Seven years ago, our top business advisor gave me a career-changing lesson.
I was an unlikely candidate for selling PEO at G&A. I did not grow up in Dallas and had no local network. I had no industry experience, nor had I ever been in a sales role before. Worst of all, I’m not sure that I even knew what PEO stood for when I was brought on.
My first two years in the industry were marked by pitch slaps, spray and pray cold calls, proposing to companies that were bad fits, and working with non-decision makers. I clearly remember reaching a point 18 months in, thinking to myself, “I’ll be fired if I don’t start selling!”
I went into 2018 with my back against the wall mentally. Fortunately, we started the year with our annual Sales Kick Off, and I was sat next to our most productive business advisor. In between one of our sessions, I shared with him some of my struggles. He asked me to open my pipeline in our sales management platform and walk him through each of my deals in detail. This is essentially how the conversation went:
“That one will never close – kill it, that one is just kicking tires – kill it, no response in 2 weeks? – kill it,” he said.
“But… but… but…,” I replied.
By the end of it, I still had one legitimate deal left in my pipeline. Here is the valuable lesson he taught me: only spend time on deals that have a high likelihood of closing and become elite at determining what deals those are. From that moment on, my annual sales went up 400% (and never went back down).
It begs the question – how do you determine what can close? Three key factors separate deals that close from those that do not.
1. CLEARLY DEFINED PROBLEM THAT YOU CAN SOLVE
Our prospect needs to have pain that aligns with our value proposition. Selling PEO is nuanced and complex, involving multiple moving parts. Convincing an employer to outsource their back office and co-employ their staff can be challenging, especially for groups who are accustomed to traditional methods (in-house, multi-vendor, etc.).
Often, salespeople mistakenly believe that offering affordable insurance options alone will win over prospects to PEO. For those of us who have tried this, we know that it does not work. Is providing insurance coverage a selling point of our solution? Absolutely! But it is not enough to win support for the model on its own.
Does this mean that your prospect can clearly articulate their problems up front? Not always – however, letting your authentic curiosity guide the conversation can often uncover issues within their business that were not previously front of mind. It is not our job as salespeople to uncover pain that does not exist, or to make mountains of molehills. When real pain does exist though, we can help a prospective buyer quantify and identify underlying pain, and position that pain against the backdrop of the PEO value proposition.
2. ONLY WORKING WITH DECISION MAKERS (OR EXTRAORDINARILY STRONG INFLUENCERS)
We’ve all made this mistake before: proposing to someone who does not have any authority. We identify pain, craft a solution, and save the company money, yet still lose the deal. Why?
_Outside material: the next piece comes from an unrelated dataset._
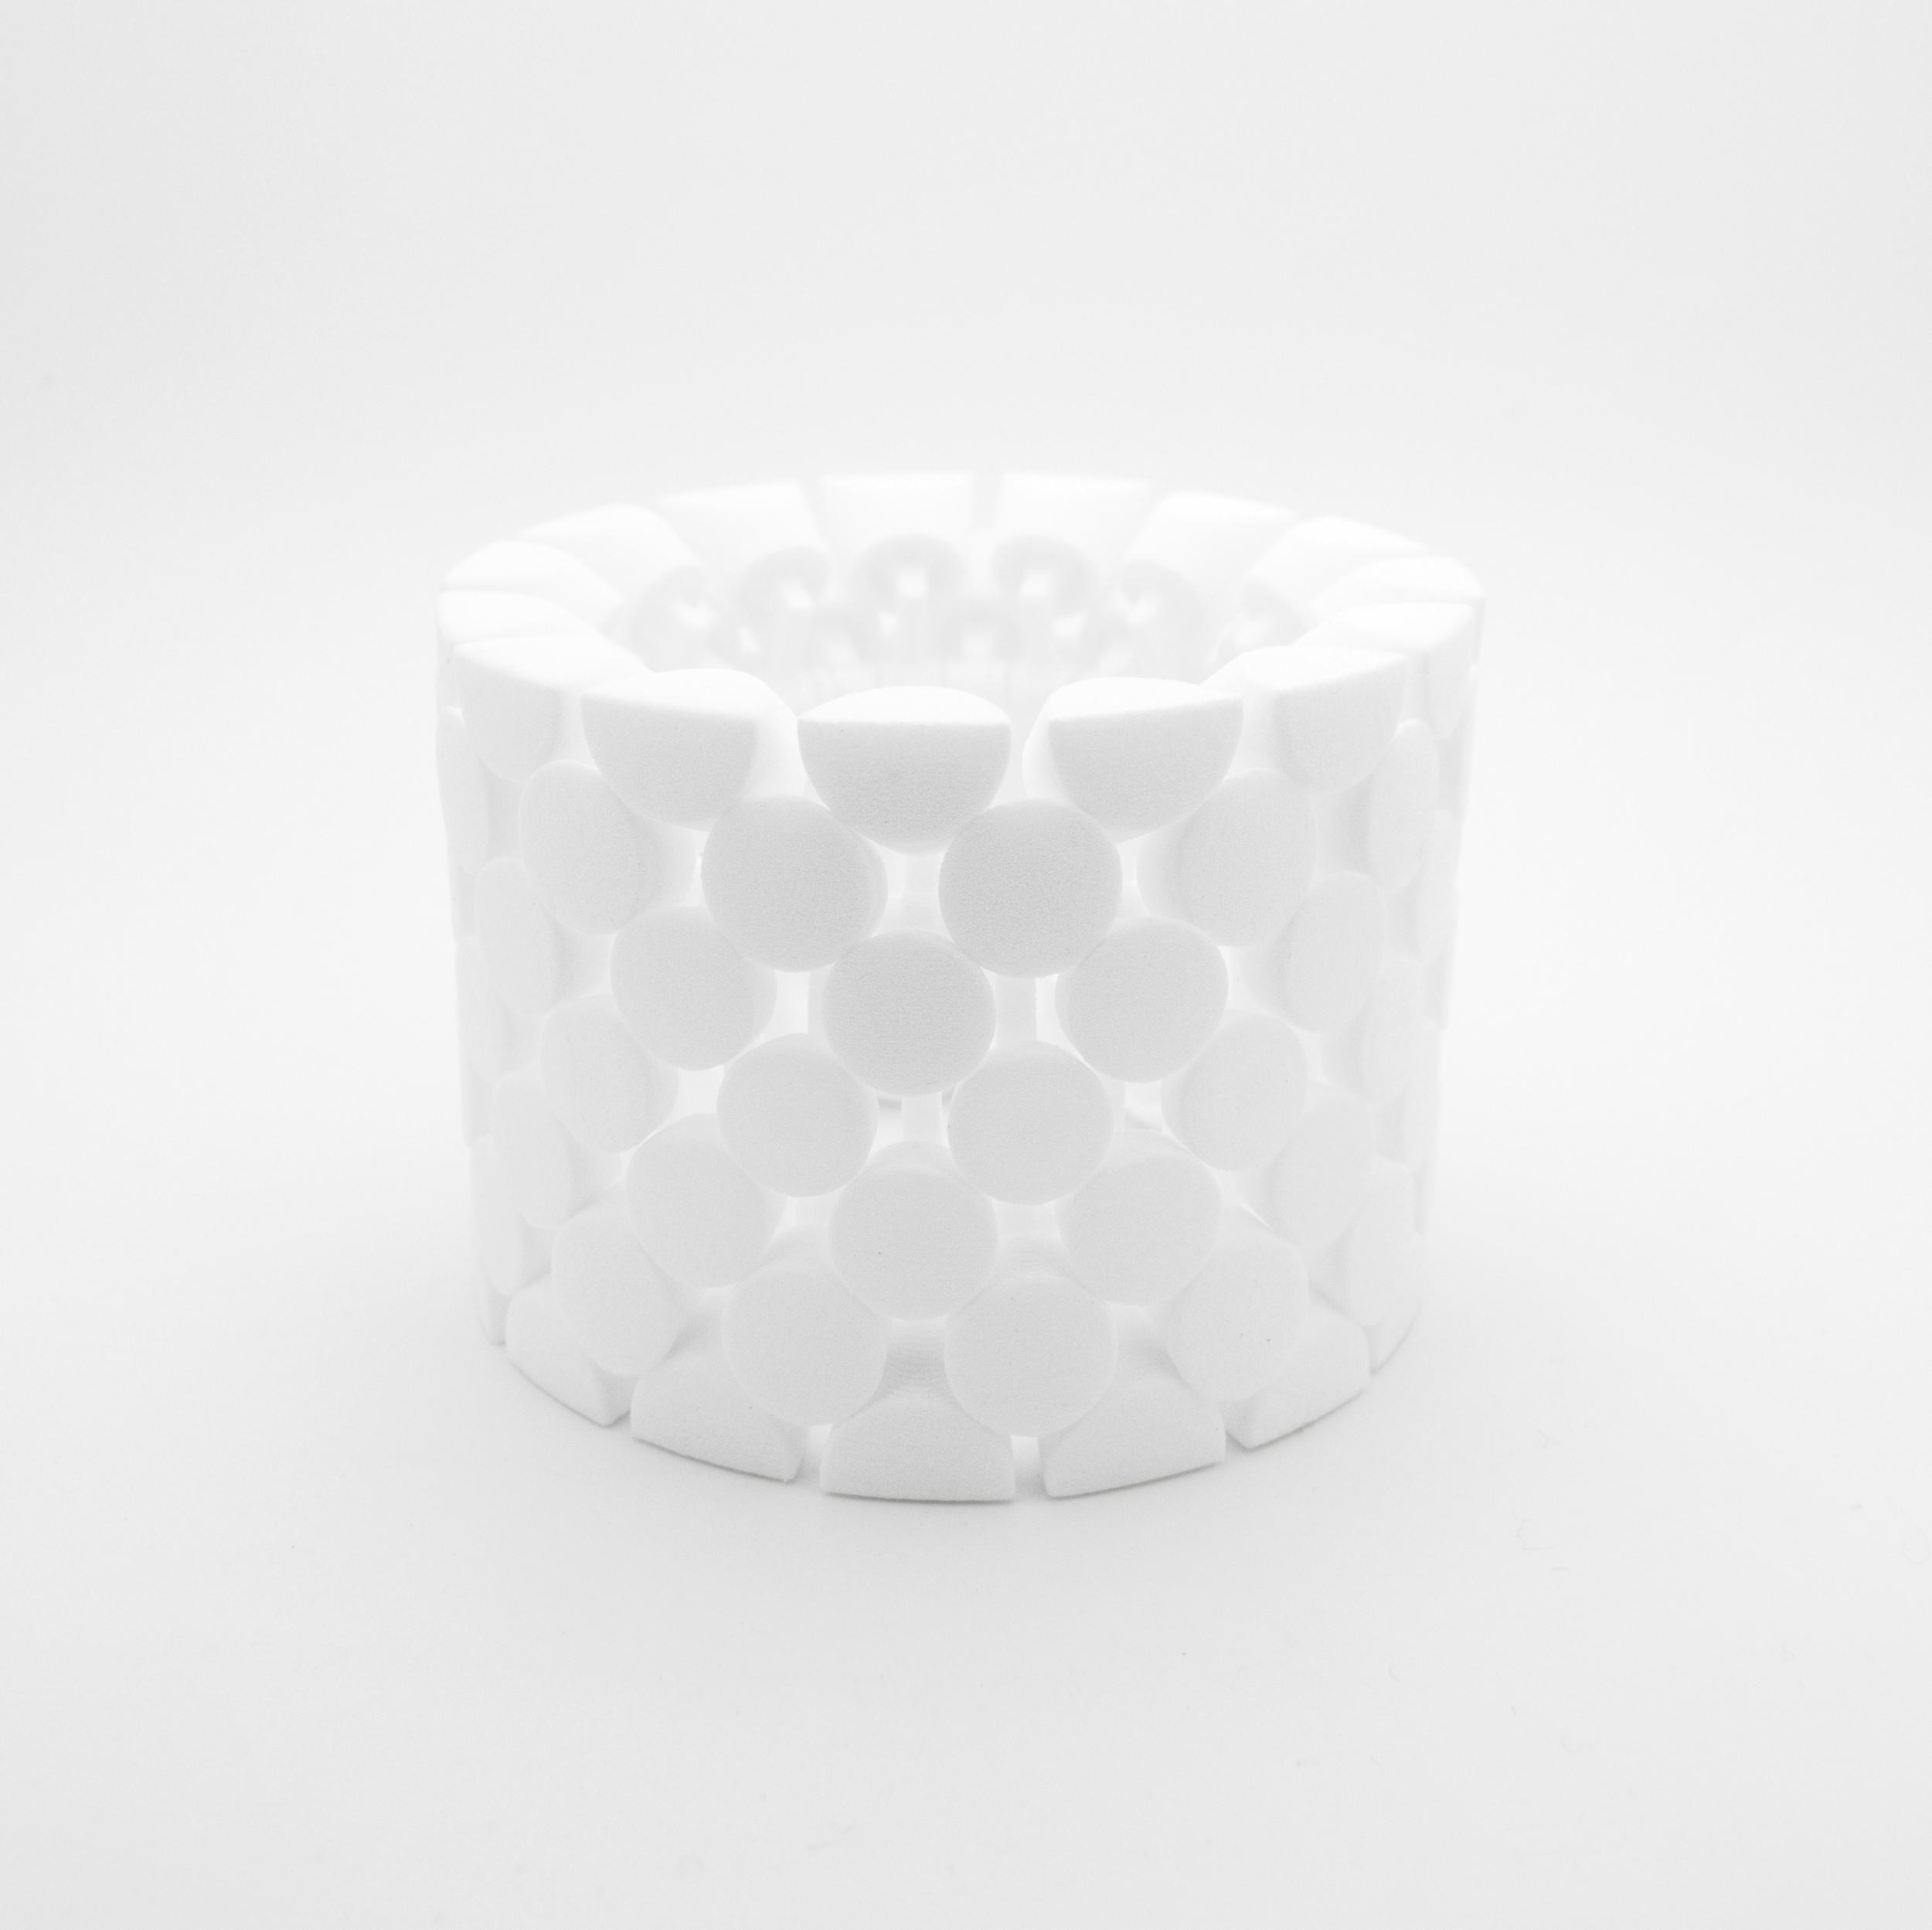 3D print, nylon

Because we’re asking our champion to sell our solution internally rather than dealing directly with the decision maker.
Selling PEO is hard. Anyone who has done it for any amount of time can tell you that it is one of the toughest sales you can make. If it is hard for us (who sell PEO for a living), imagine how hard it is for someone who does not have your skillset, training, and understanding of the model to sell PEO to the C-suite without your guidance.
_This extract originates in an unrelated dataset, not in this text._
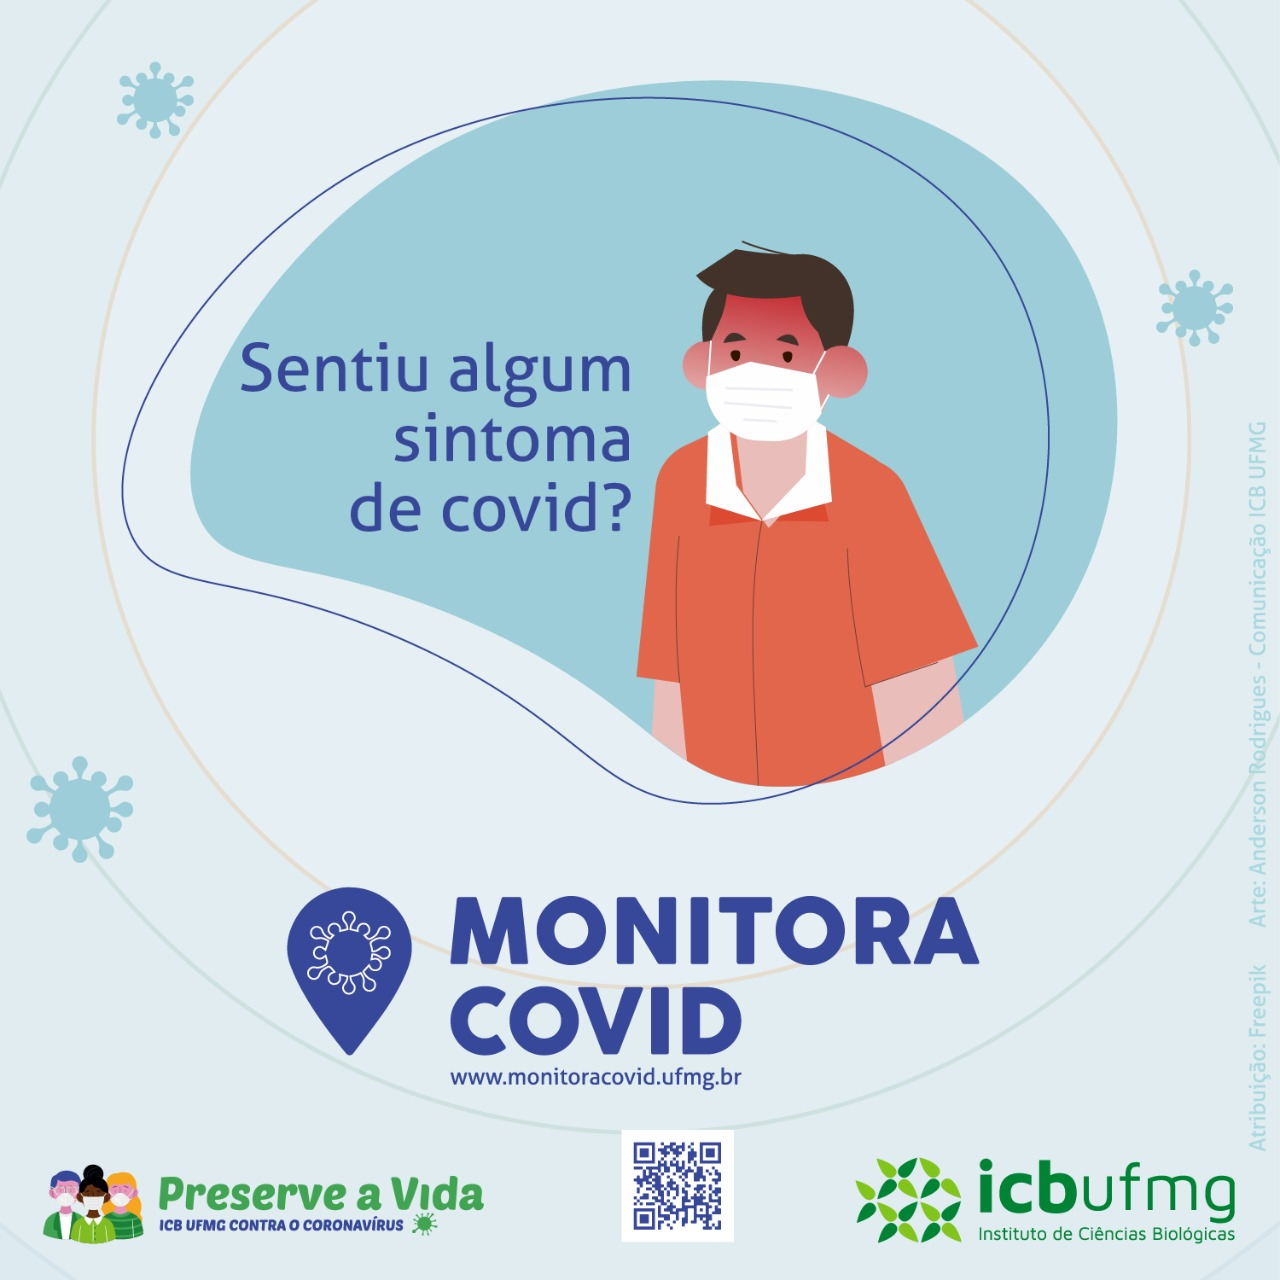 Monitora.covid Sintomas

Put yourself in their shoes – by advocating to ownership that the company should abandon their current solution and adopt the PEO model, they are risking significant relational and professional cachet. If issues arise (e.g., poor implementation, high renewal costs, payroll errors), they risk damaging their reputation with executives by having recommended a faulty solution. For this reason, it’s not uncommon for your champion to fold like a cheap lawn chair at the first sign of internal resistance.
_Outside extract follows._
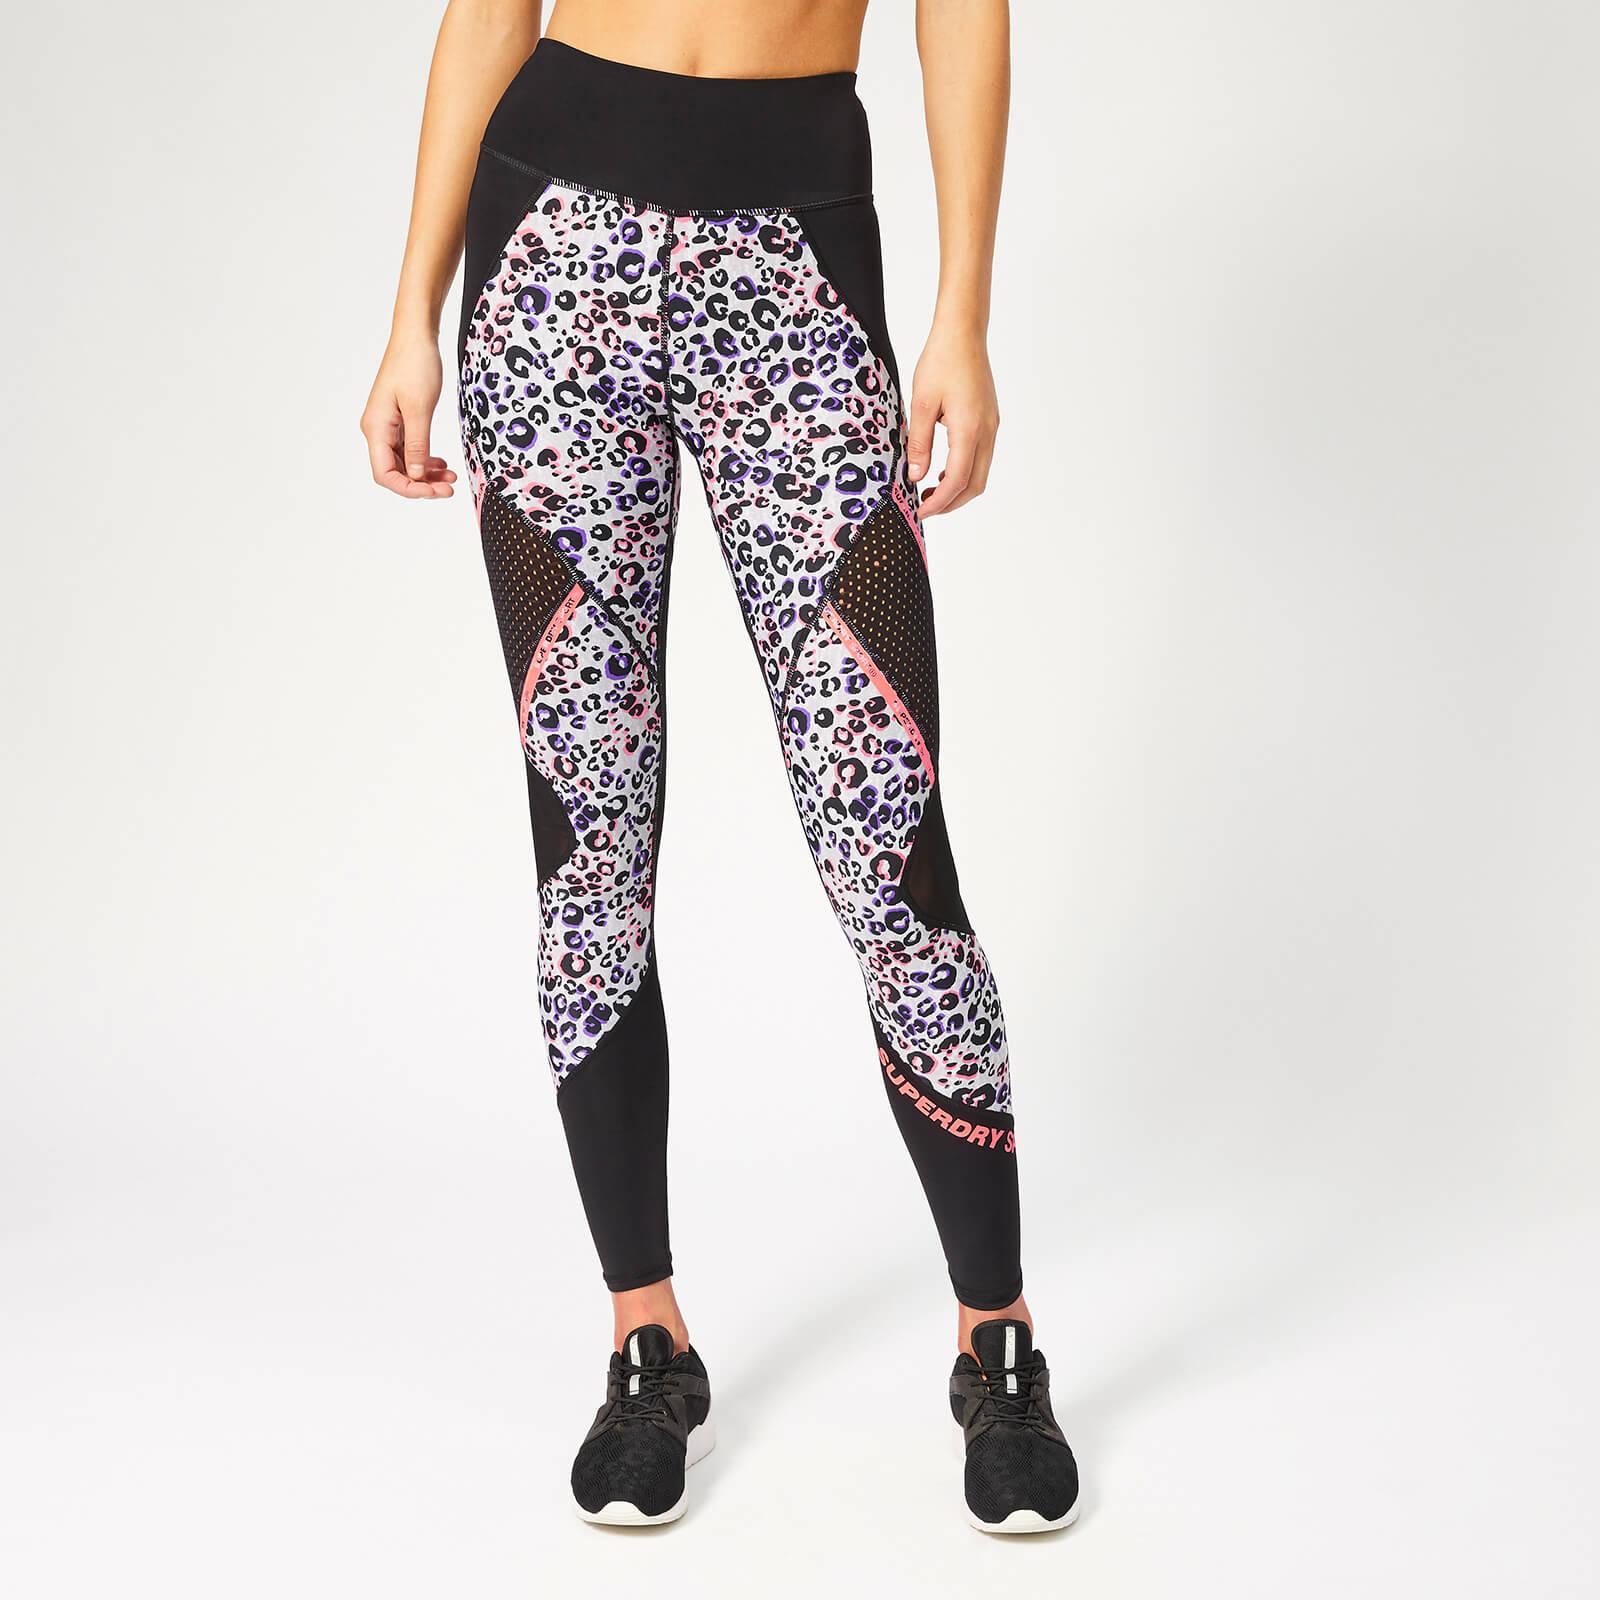 b1d6ed266ec7c Superdry Sport Women's Active Mesh Panel Leggings - Lola Leopard Coral Print  Womens Clothing | TheHut.com

Deals that close almost always end with us talking directly to the people who ultimately have authority to purchase.
3. DEFINITIVE TIMELINE / BUYING WINDOW
Timing is everything when selling PEO – it’s about their schedule, not ours. Even with decision makers and clear pain points, a deal may fall through if we miss a critical trigger event.
These events can come in many forms and fashions – a renewal with an incumbent provider/carrier, the start of a quarter/year, loss of a key individual (HR, for example), etc. The reality is, without a clear “backstop” that is forcing them to decide, many employers will simply choose the status quo (do nothing). Deal momentum is key, and the longer a deal stays in our pipeline, the lower our chances of winning it.
It is worth mentioning that we cannot artificially accelerate a timeline that our buyer does not believe in. Attempts to incentivize quick decisions (waived setup fees, free months, more favorable terms, etc.) lower our status in their eyes, and reek of desperation.
From time to time, I am still tempted to chase a low-probability deal to pad my forecast, but then I’ll take a deep breath, and ask myself if it fits my three criteria. If it doesn’t, I’ll pass.
If you’re struggling with low close rates or stalled deals, be brutally honest with yourself by using these three criteria for each opportunity in your pipeline. By walking away from prospects who cannot identify pain, don’t have decision making authority, and are not in a buying window, you’ll free yourself up to spend time with companies that have the highest likelihood of becoming a client.
At the end of the day, there is only one KPI that matters – closed business!